Happy New Year! I will spend the next six months writing 2012 on all my correspondence. I haven't made any resolutions, because the only one I've ever followed is: never buy cut flowers again. That was fairly easy, because I can always find something blooming in my garden. Even now, my antique tea roses are about to open.

To celebrate the New Year, for a limited time, I'm offering a free read of The Shadow Girl of Birch Grove at its original home on Scribd, where you can read it or download it in your preferred format.  When my agents were unable to sell my YA gothic, I posted it as a free read; it quickly became Scribd's number one YA novel. Many thanks go to Amanda of Love Vampires, who liked the story so much that she surprised me with wonderful cover art.

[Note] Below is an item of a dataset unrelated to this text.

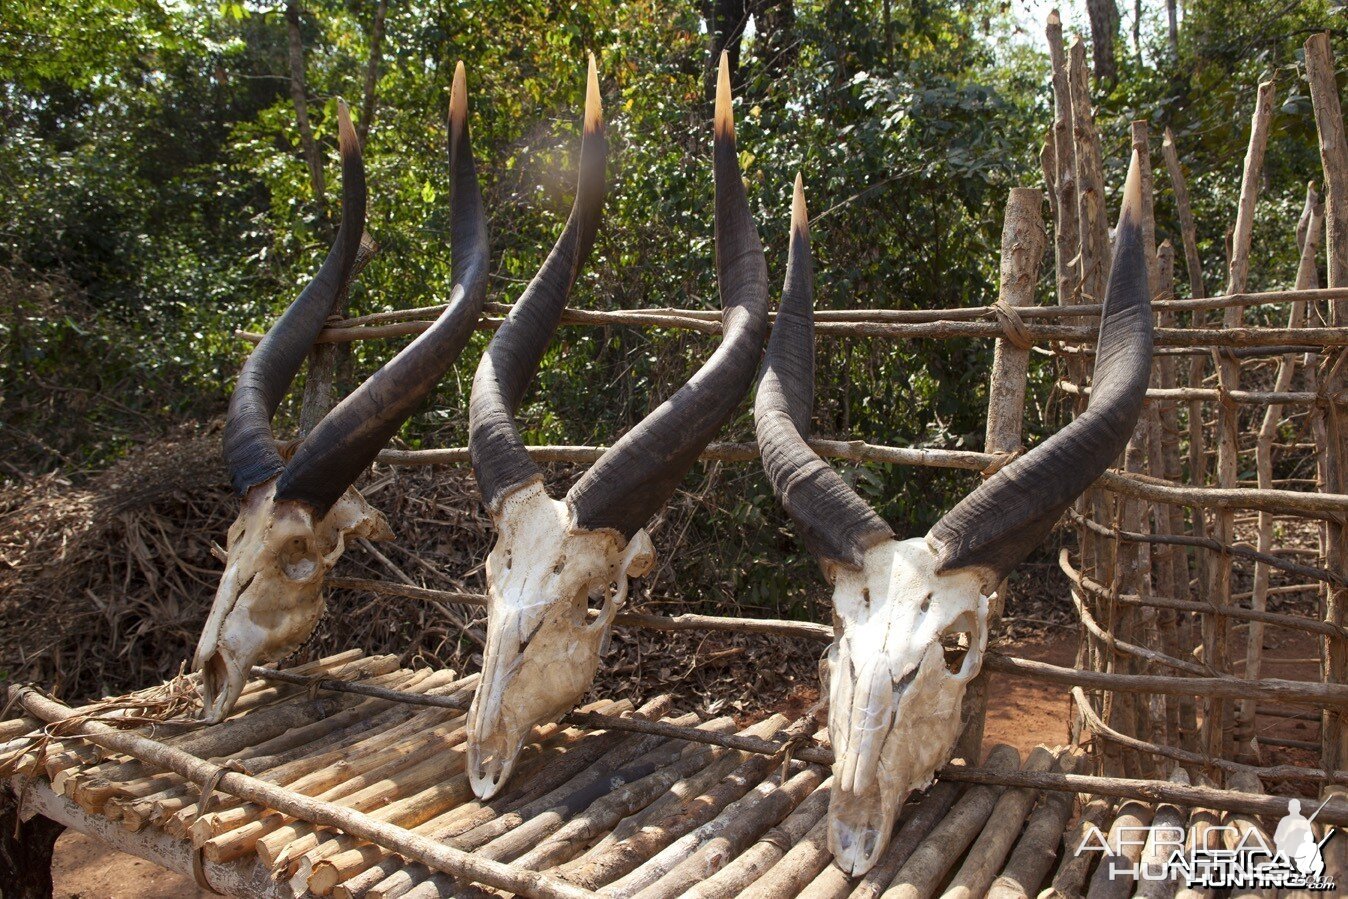 Three sets of Bongo horns
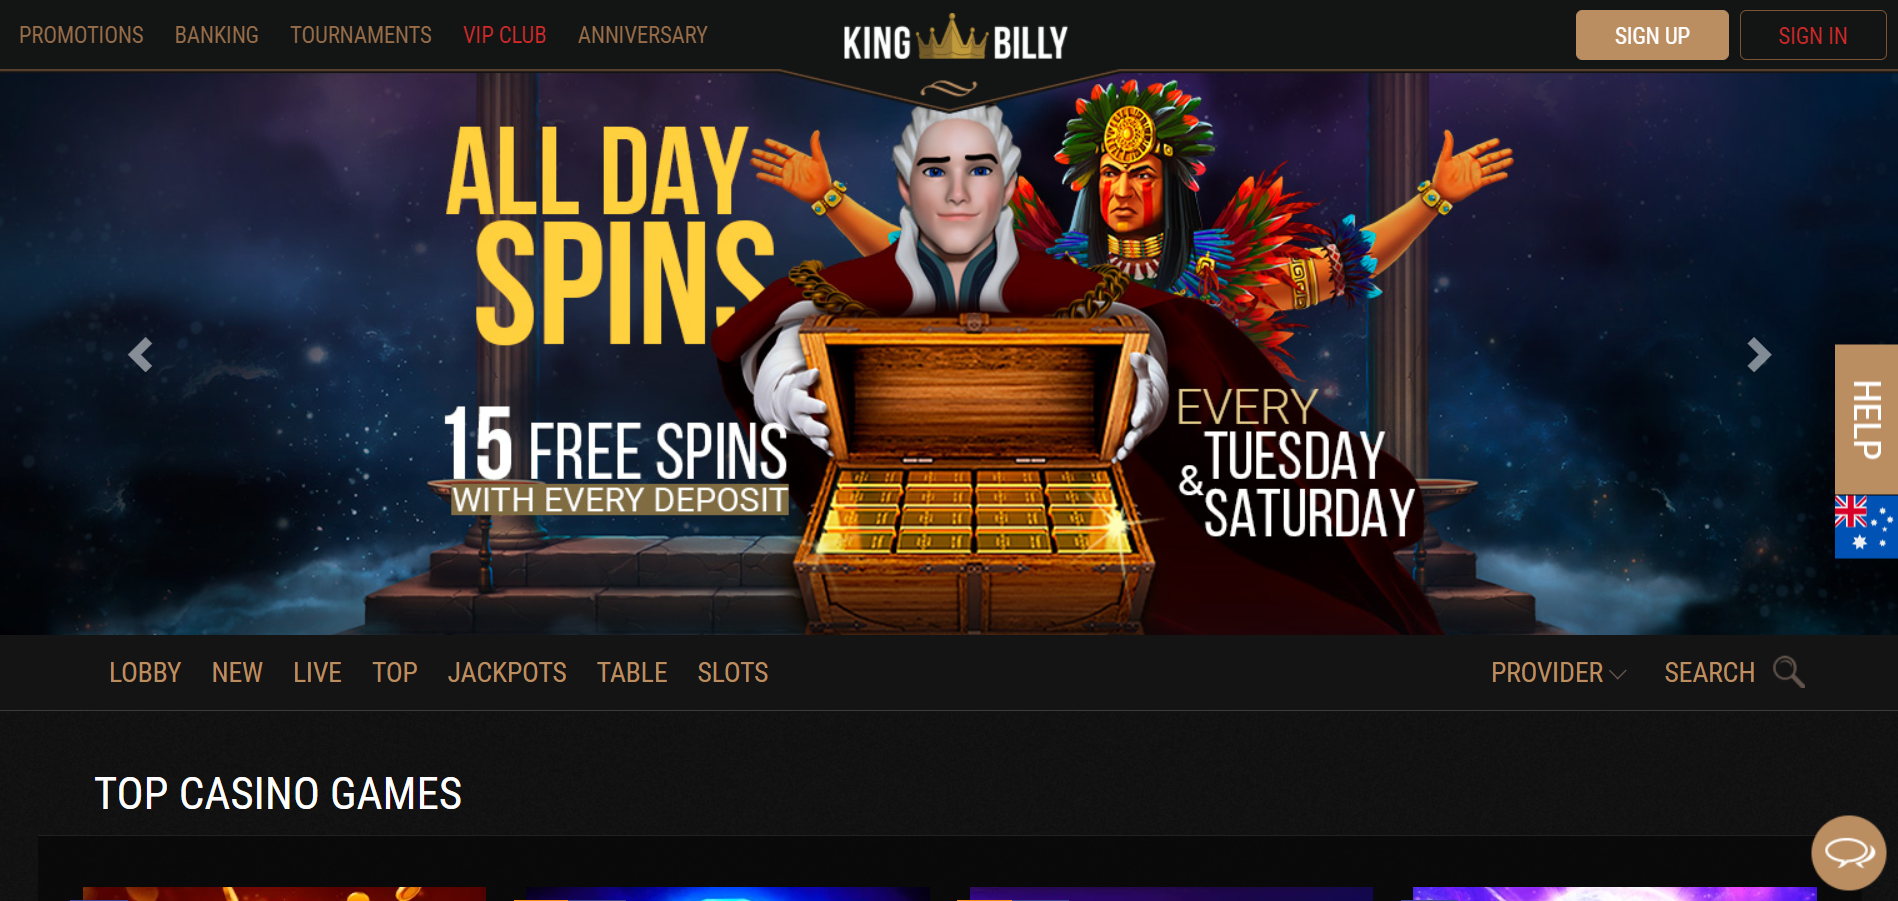 King-Billy-Casino

Please do not embed this free read on any other sites.
It is an exclusive to Scribd.

The Shadow Girl's success at Scribd led to Tor Teen's interest. I worked with Susan Chang, my fantastic editor, to revise and develop the story, which was recently published as Dark Companion.

Working with a skilled editor is such a joy. Susan understood that I was writing a contemporary gothic and that I wanted to use classic tropes to tell the story of Jane Williams, a broken young woman who begins to heal herself. She coached me through plot structure and character motivation. She gave wonderful suggestions for chapter headings that celebrated gothic literature. The finished novel has entirely new chapters, scenes, and characters. There are different plot points and...more scenes with Mary Violet, Jane's lovely and hilarious poetry-spouting friend.

I hope you'll take this chance to meet the world of Birch Grove Academy and then want to go on to read Dark Companion!